Reputation: 435
I'm trying to write a regular expression that will give me only the returned type of any (see edit) C function in a C file, ignoring spaces and newlines, but I'm not having any luck with it. Edit: The returned types I have to consider are only basic C data types
Example:
signed
long long
int function1 ( int j, int n)
should give me:
signed long long int
How can I write (or think of a solution for) this regular expression?
Upvotes: 0
Views: 162
Reputation: 46375
The hardest part of the problem is probably answering the question: "how can I tell that I have reached the start of a function definition". Given the various rules of C, it's not clear that there is a "sure fire" answer - so the best you can probably do is come up with a rule that catches "most" situations.
Function definitions will have
void, signed, unsigned, short, long, char, int, float, double, *)
This means something like this should work: (demo: http://regex101.com/r/oJ3xS5 )
((?:(?:void|unsigned|signed|long|short|float|double|int|char|\*)(?:\s*))+)(\w+)\s*\(
Note - this does not "clean up the formatting" - so a return value definition that spans multiple lines will still do so. It does have the advantage (compared to other solutions) that it looks specifically for the basic types that are defined in the link in your question.
Also note - you need the g
flag to capture all the instances; and I capture the function name itself in its own capturing group (\w+)
. If you don't want / need that, you can leave out the parentheses. But I thought that having both the return type and the function name might be useful.

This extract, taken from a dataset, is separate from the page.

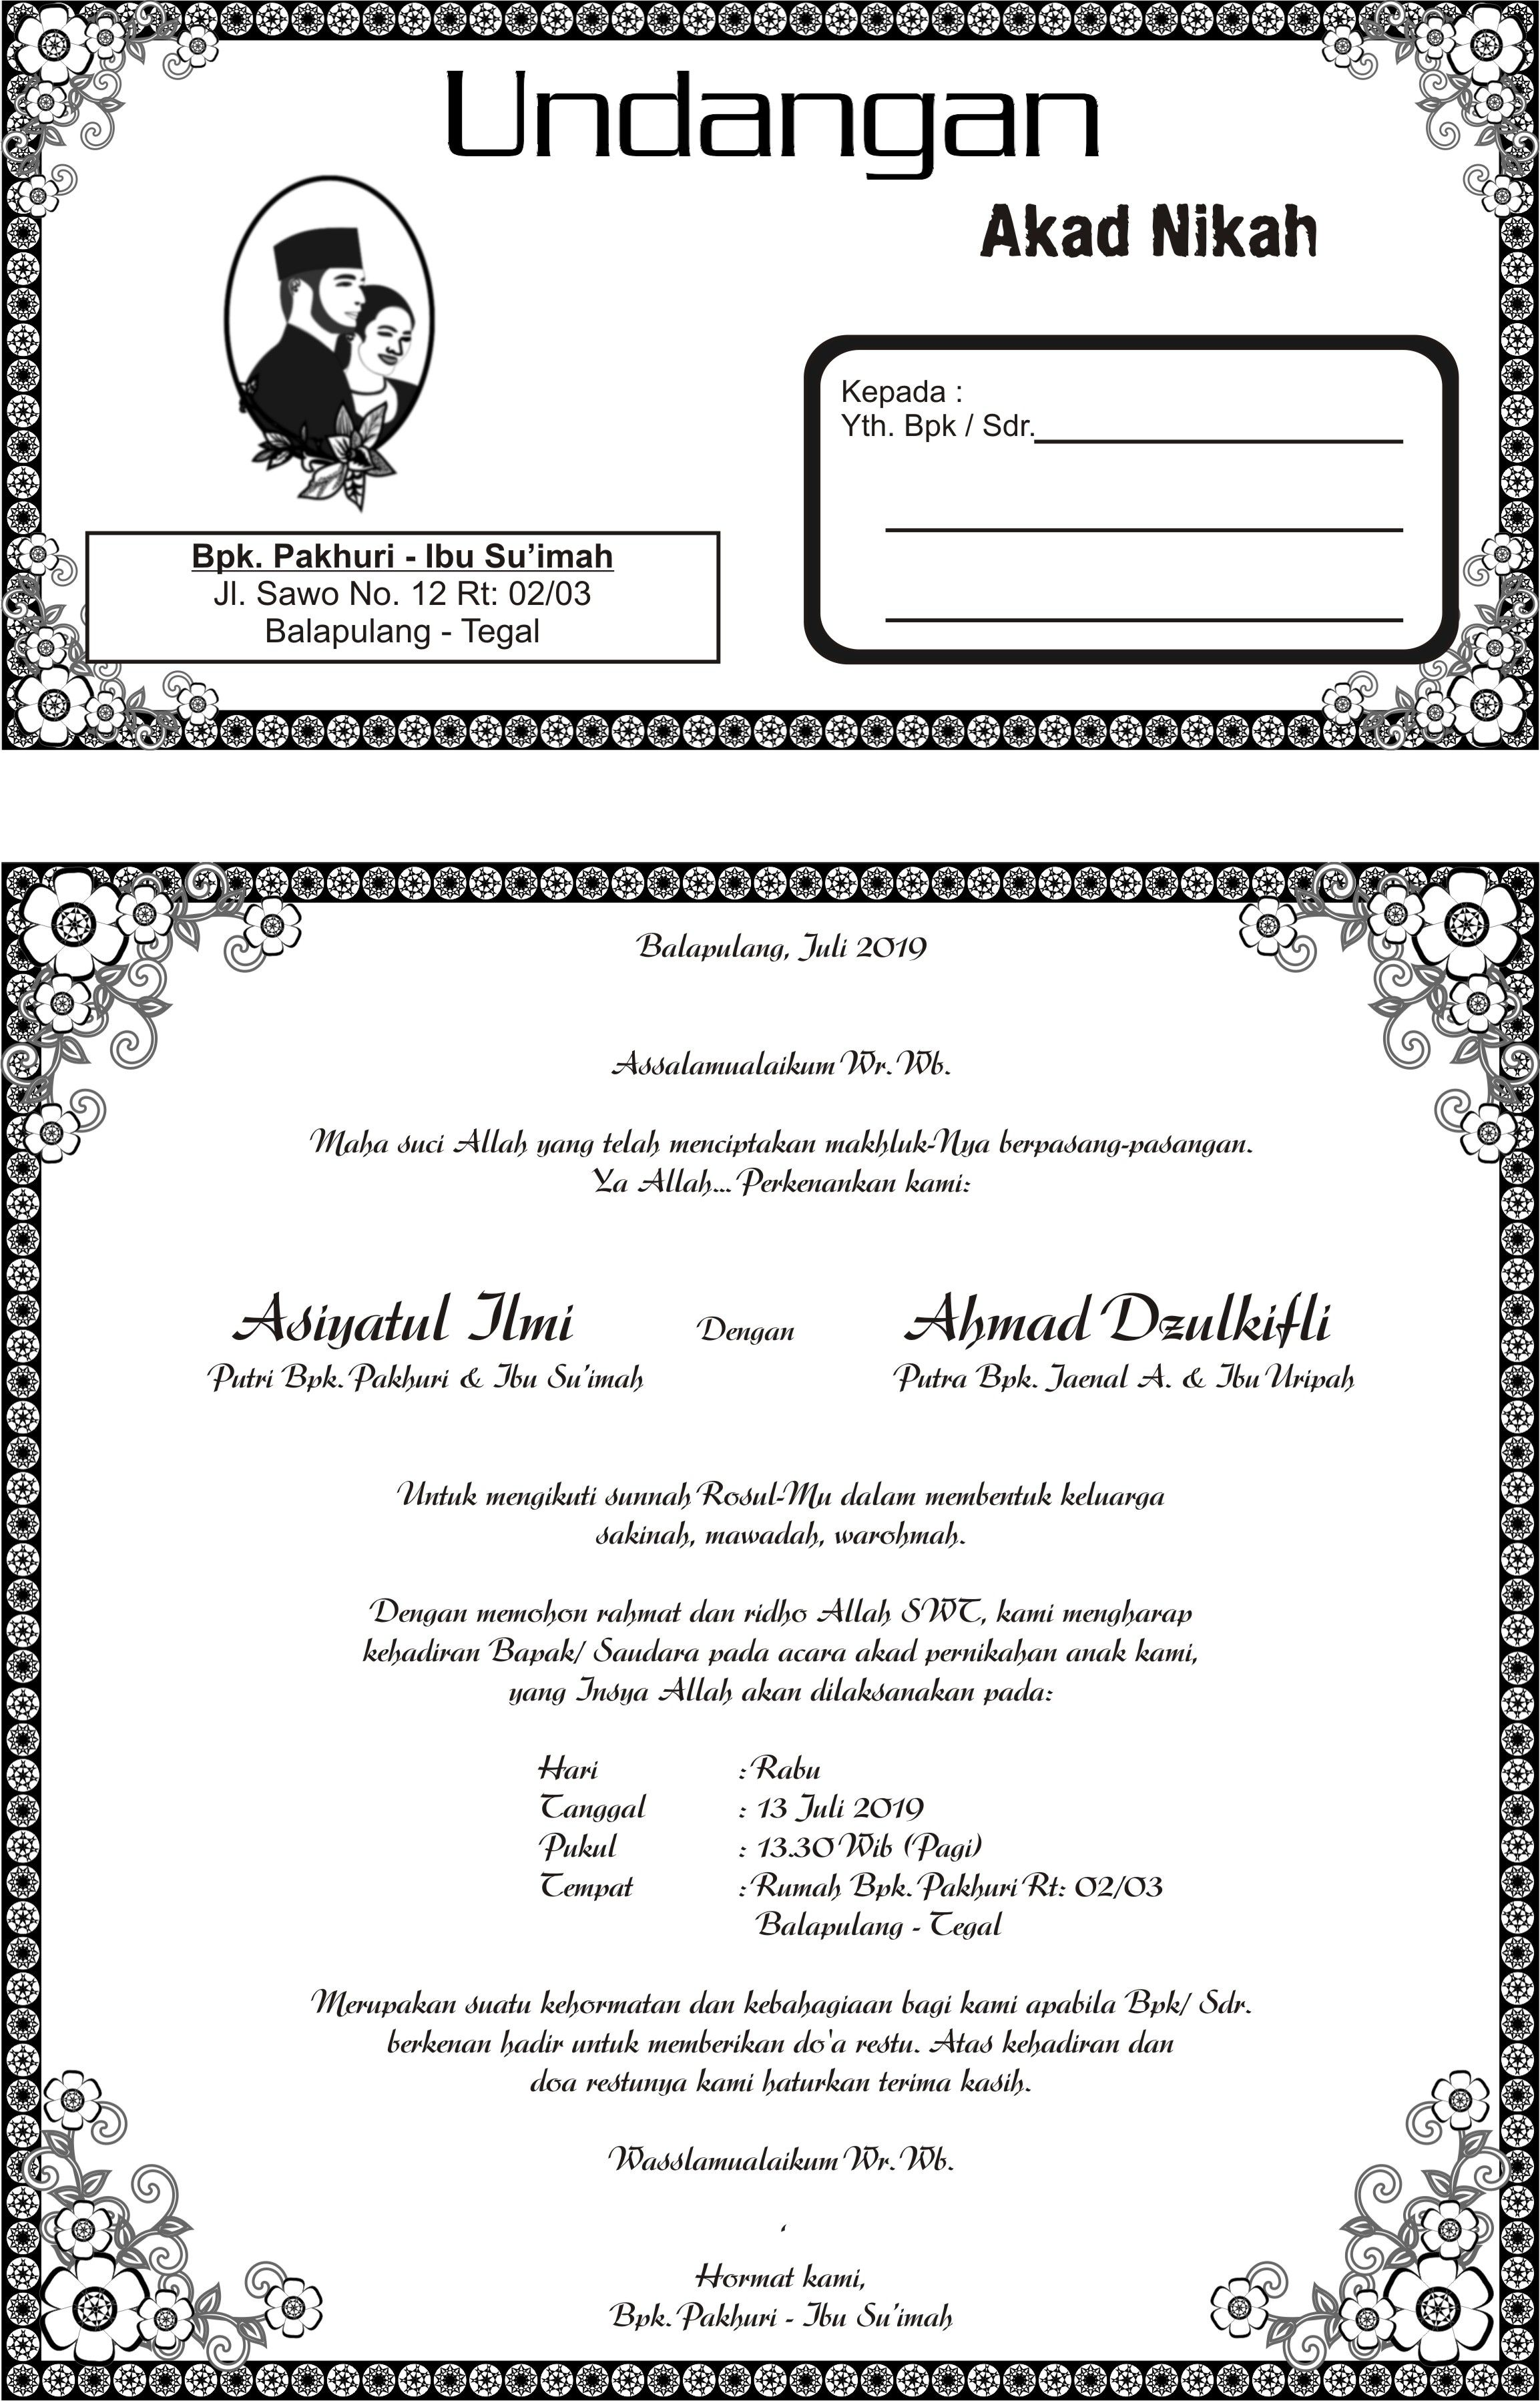 Undangan Aqiqah Dan Khitanan : undangan, aqiqah, khitanan, Undangan, Nikah, Asiyatul, Undangan,, Desain, Pernikahan

Afterthought: if you first strip out multiple white spaces and returns, the above will still work but now there will be no extraneous white space in the return value. For instance you could run your code through
cat source.c | tr '\n' ' ' | sed 's/\s+/ /' > strippedSource.c
then process with the regex above.
Upvotes: 1
Reputation: 22457
Concatenate all words using the OR operator:
\b((void|unsigned|signed|char|short|int|long|float|double)\s*)+\b
The \b
at start and end are to prevent partial function names popping up (void longjmp
comes to mind).
This will not catch typedefs such as uchar_8
, or complicated pointer-to-pointer constructions such as void (* int)(*)
(I just made this up, it may not mean anything).
Upvotes: 0